I should probably not read books that are considered classics anymore.

Book CWs

  • Child endangerment
  • Bullying
  • Abuse
  • Fighting
  • Profanity
  • Character Death


The greaser vs. Soc war has been going on for years, but no one really knows why. Socs have money, privilege, and prestige. Greasers, on the other hand, are hoodlums who spend most of their time robbing stores and smoking cigarettes.

Ponyboy Curtis has been a greaser for all 14 years of his life, something he is very proud of. And though he aims to stay out of trouble, he’s always willing to show up to a rumble to protect his fellow greasers. But when Ponyboy finds himself on the run from the law, he is finally forced to reevaluate what exactly it means to be a greaser or a Soc.

Review (No Spoilers)

I remember reading That was Then, This is Now in 8th grade for my English class and I think I liked it? I honestly can’t remember and I’m not sure why they had us read the follow up novel to The Outsiders without us reading The Outsiders first.
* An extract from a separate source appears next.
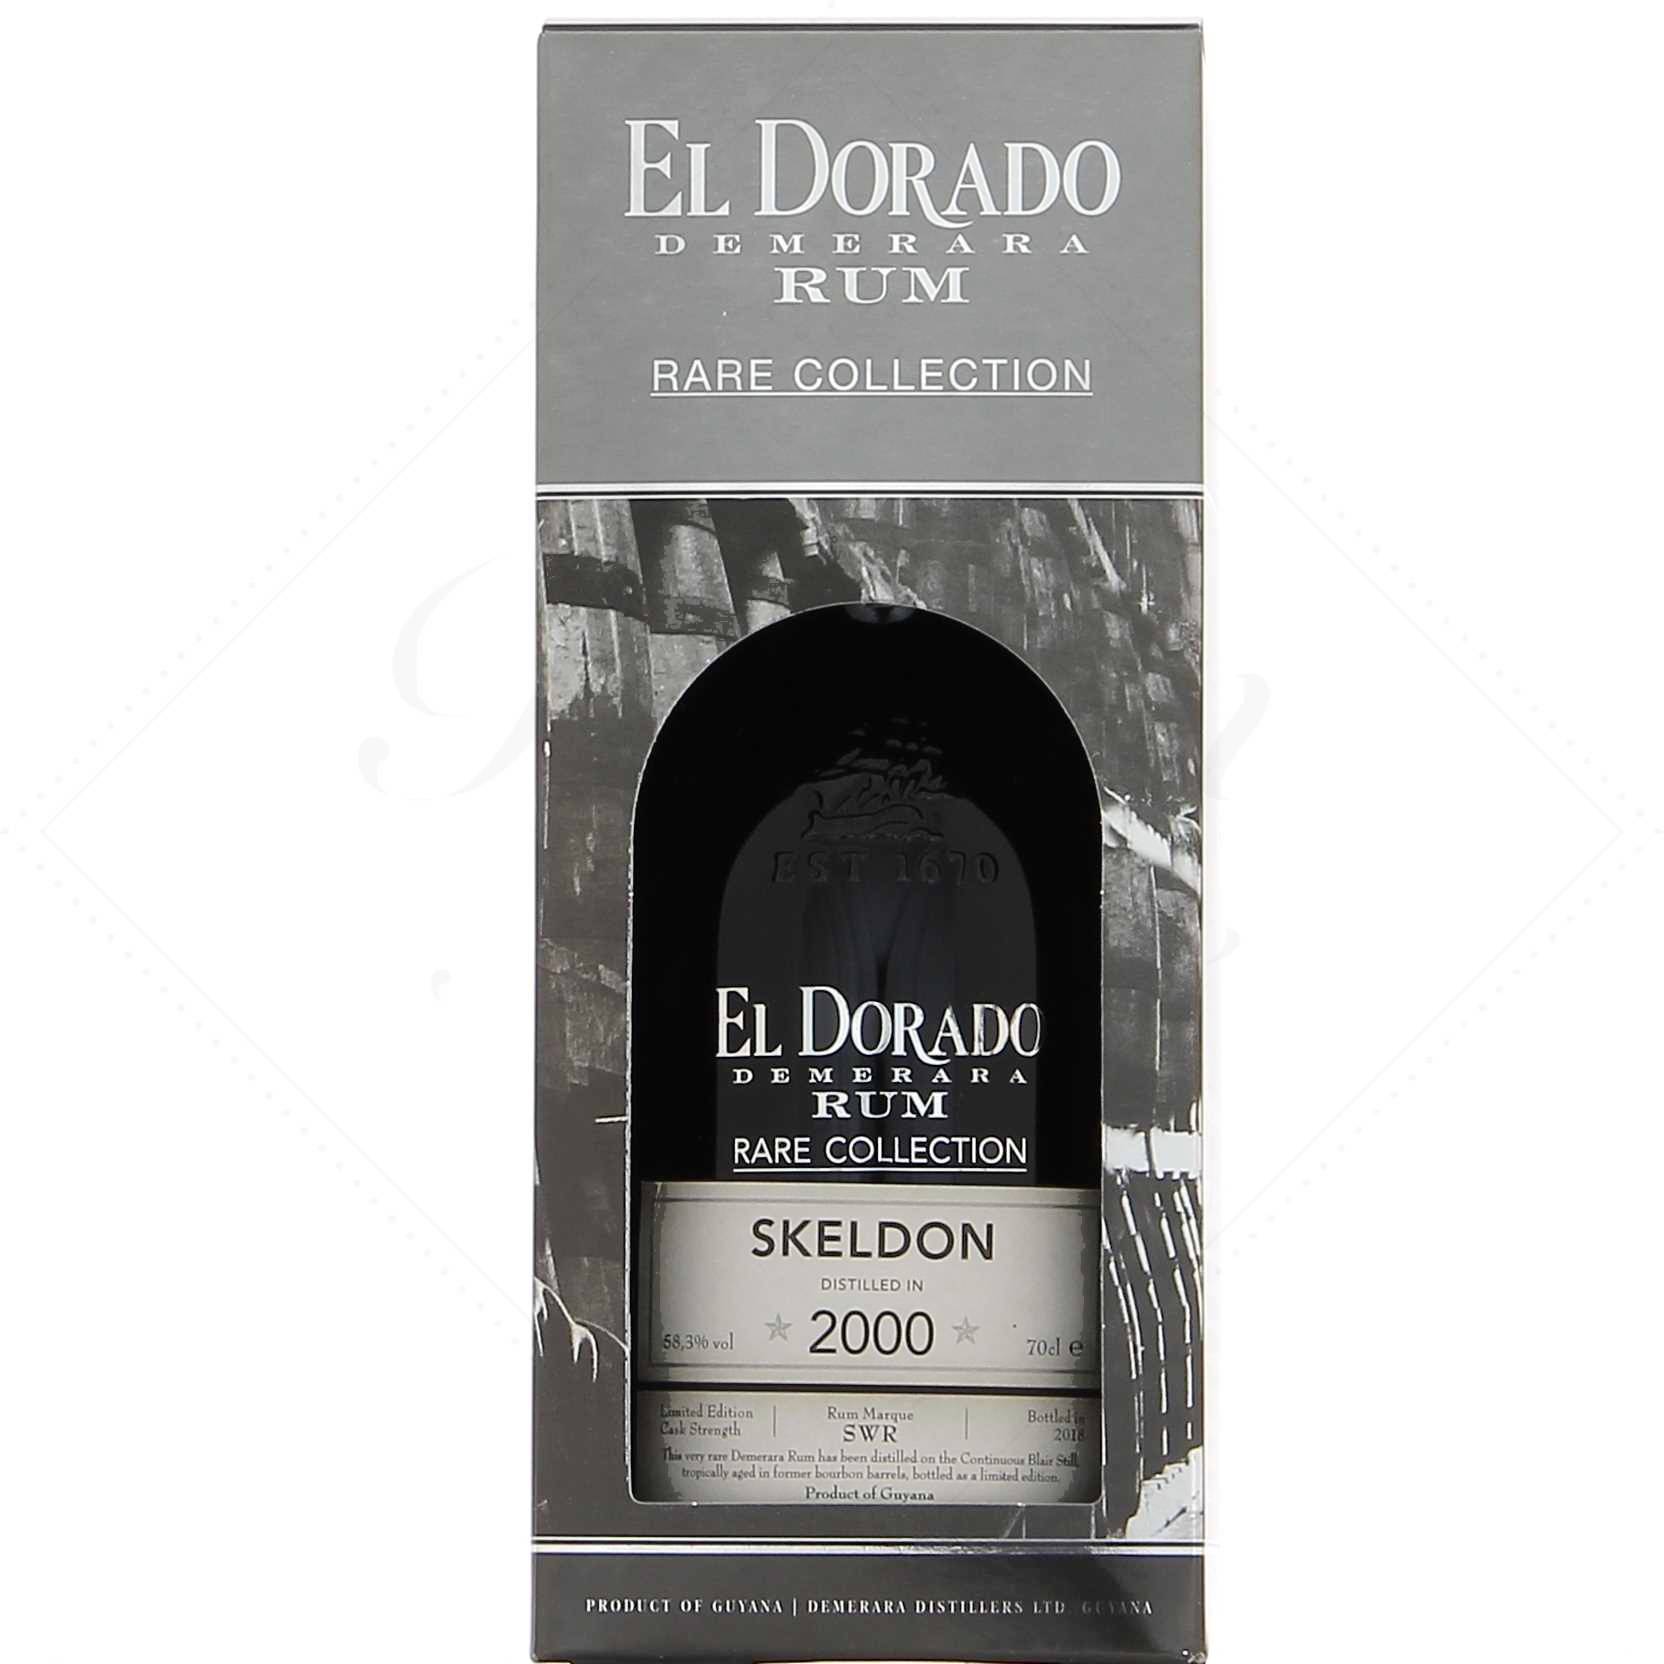 El Dorado Diffusion - 🌟NOUVEAU COFFRET À DÉCOUVRIR🌟 Dès l'été
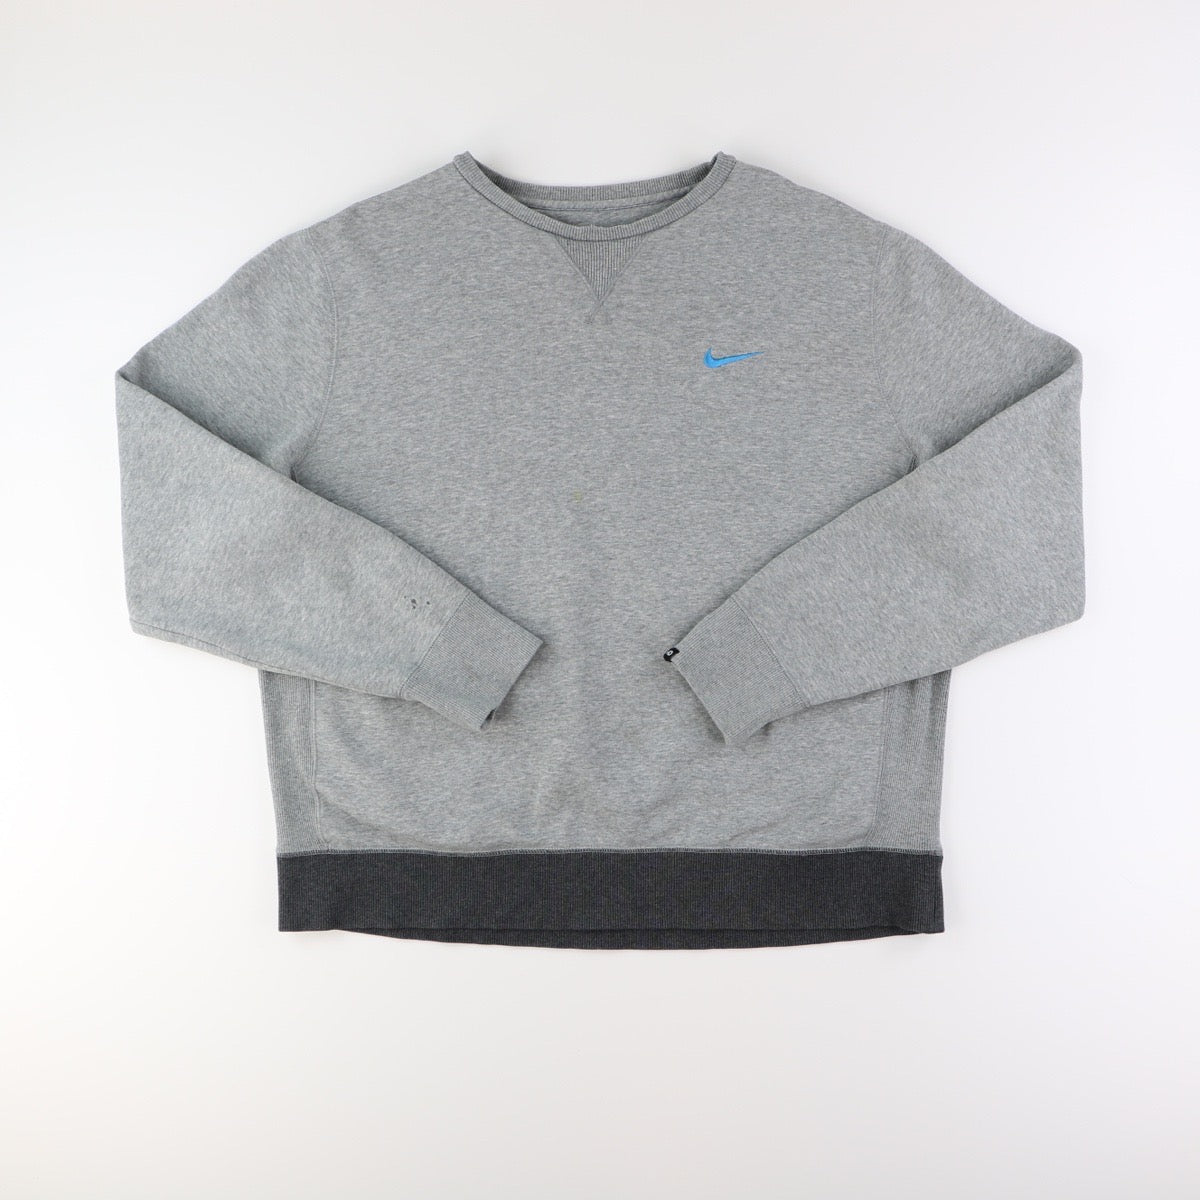 Nike Sweater (XL)

I bought this book from Barnes & Noble because it was a signed copy and I felt like I would enjoy it. I’m ashamed to say that I probably shouldn’t have gotten it.

The plot follows a rivalry between two “gangs” and what I enjoyed the most was reading Ponyboy’s feelings about the whole situation. He was basically a child thrown into a world of chaos and he had some great things to say. Around 1/4 of the way through the book, I felt like I had a good idea of where it was heading, and then it ended up heading in a totally different direction. Admittedly, the direction it ended up going was literally written on the blurb, which for some reason I didn’t read beforehand. It actually looped back to what I was expecting though, so I wasn’t necessarily upset.

The reason I rated this book 3 stars was because I was unsatisfied with how little of Ponyboy’s story I saw. The entire book occurs in a very short amount of time, and I would have preferred for it to have showed more. By the end of the book, I had racked up a whole bunch of questions and I had no answers. I felt as if it said a lot without really telling me much.

I told my partner that this felt very much like a classic book. I find that I can’t really get into classics because to me the plots are average and don’t really pull me in. I was going to give this book 3 stars, but I liked the last chapter enough to push it up a bit. I also had the 50th year anniversary edition which has super cool extras at the end, if anyone’s interested in those.

In 2018, I DNFed Pride and Prejudice. In 2019, I very nearly DNFed Slaughterhouse Five, and finished it only because I was using it for a readathon prompt. I ended up rating it 1 star (RIP). This is my third straight year in a row that I’ve disliked a classic. I figure I should probably stay away from them for now.